# Required action
Exclude the pictures, and otherwise reproduce the data in full.

(Supplied material Opens)

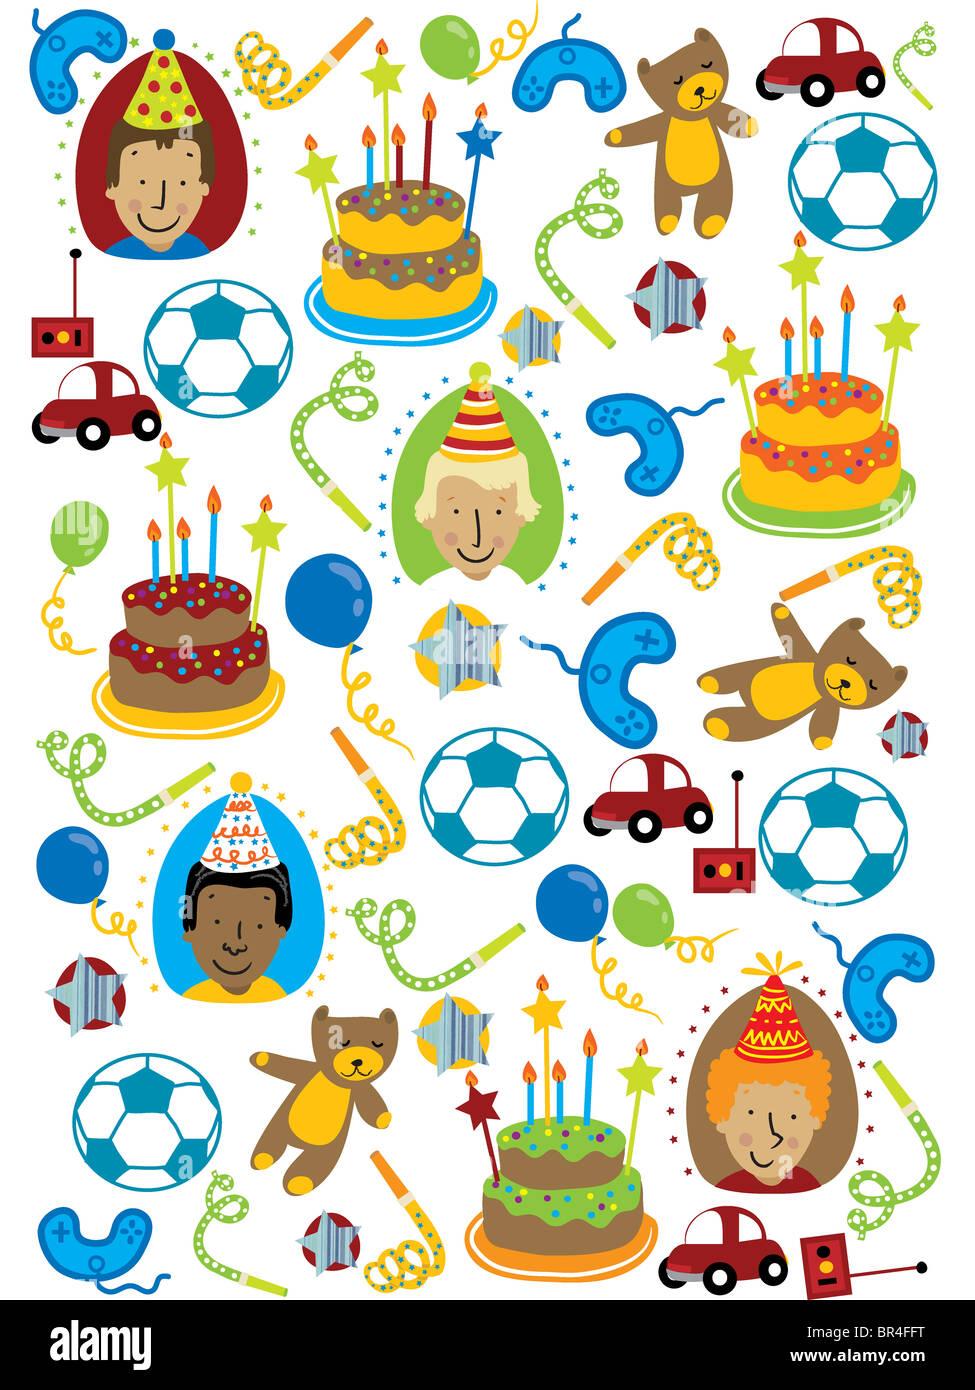 Geburtstagsbilder Junge
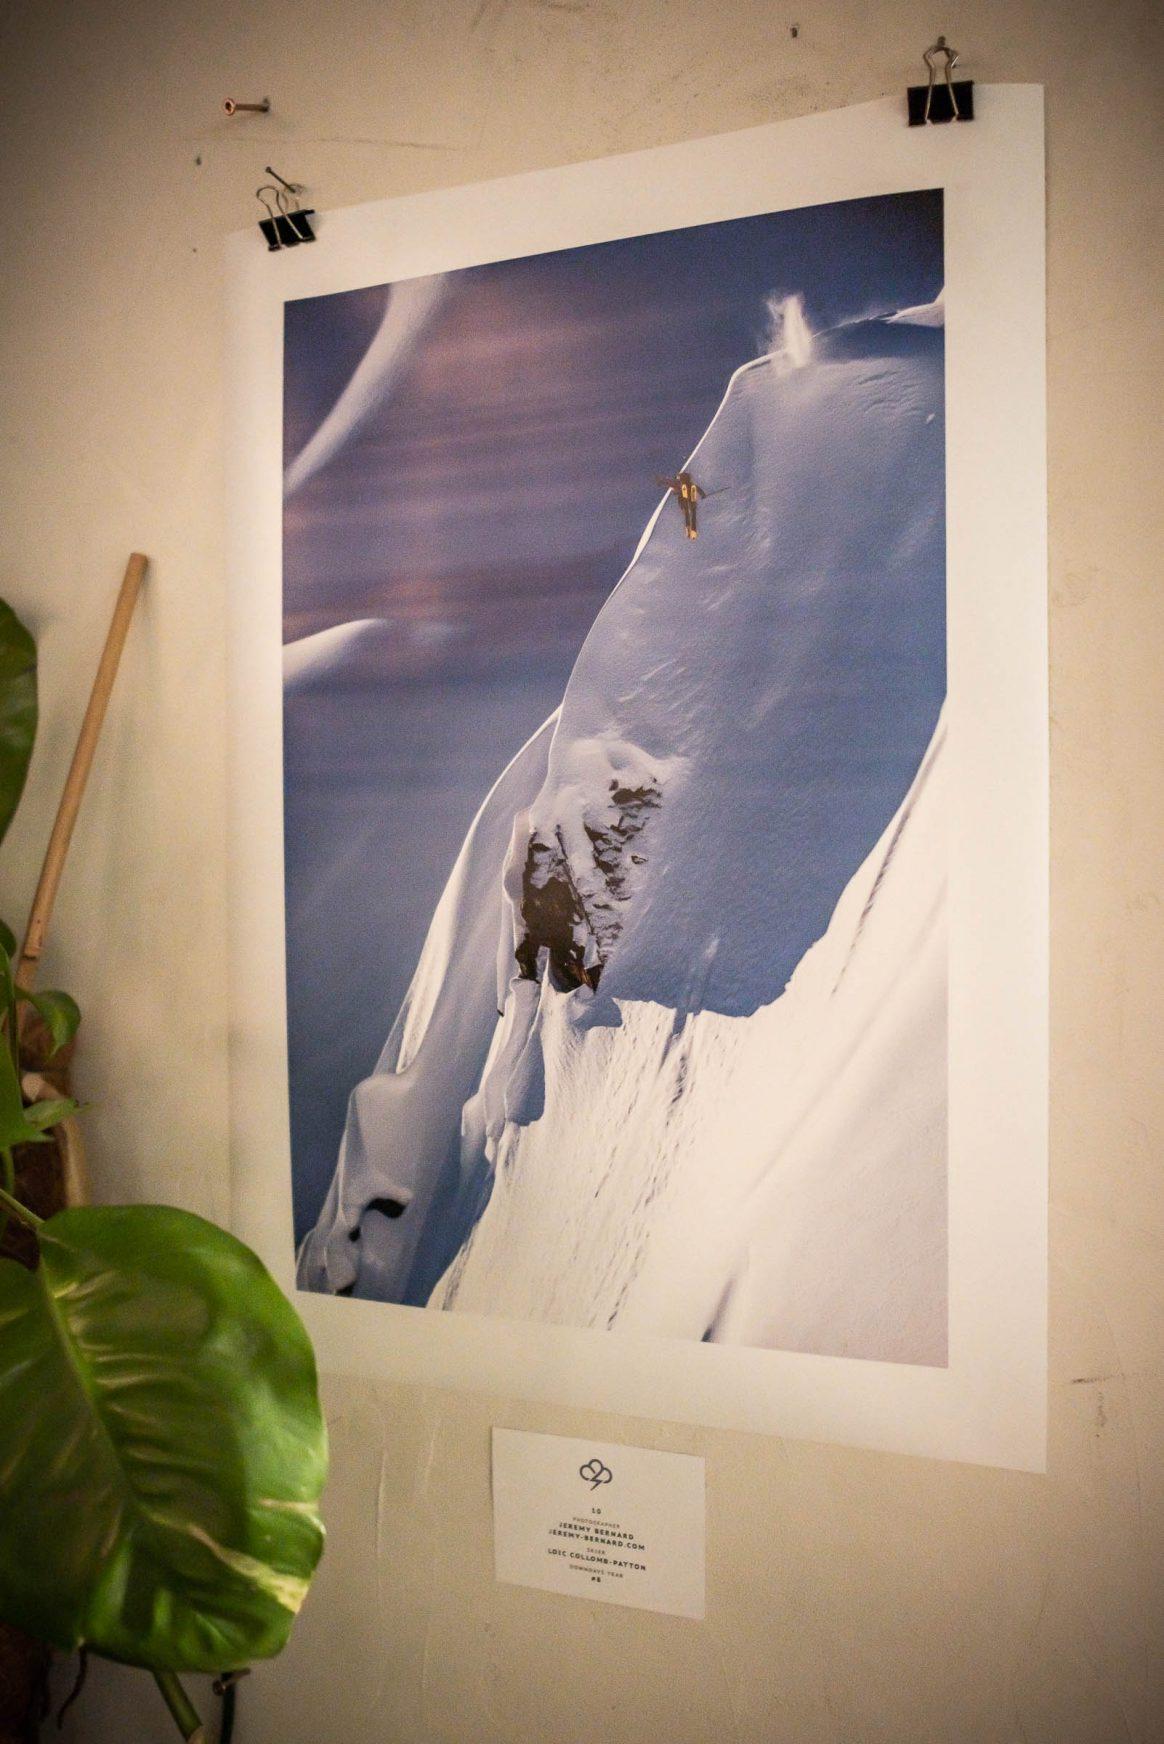 Downdays Photo Exhibition Loic Collomb Patton by Jeremy Bernard
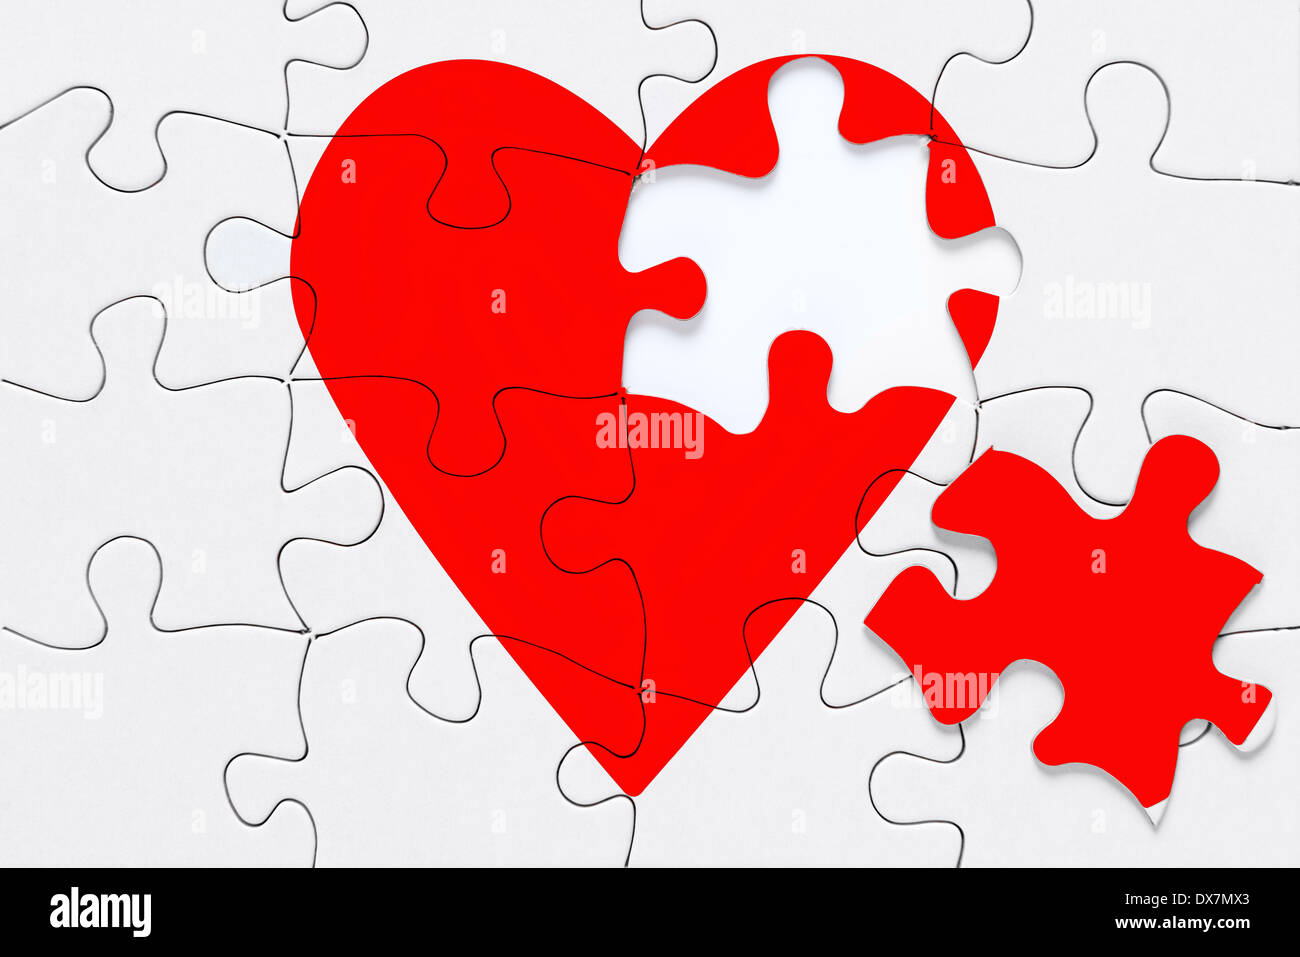 Ein rotes Herz Puzzle puzzle mit einem Stück auf der Seite, gutes Bild für ein gebrochenes Herz, Liebe, Romantik und Valentinstag Themen. Stockbild

(Supplied material Closes)

# Written reply
 Geburtstagsbilder Junge
 Downdays Photo Exhibition Loic Collomb Patton by Jeremy Bernard
 Ein rotes Herz Puzzle puzzle mit einem Stück auf der Seite, gutes Bild für ein gebrochenes Herz, Liebe, Romantik und Valentinstag Themen. Stockbild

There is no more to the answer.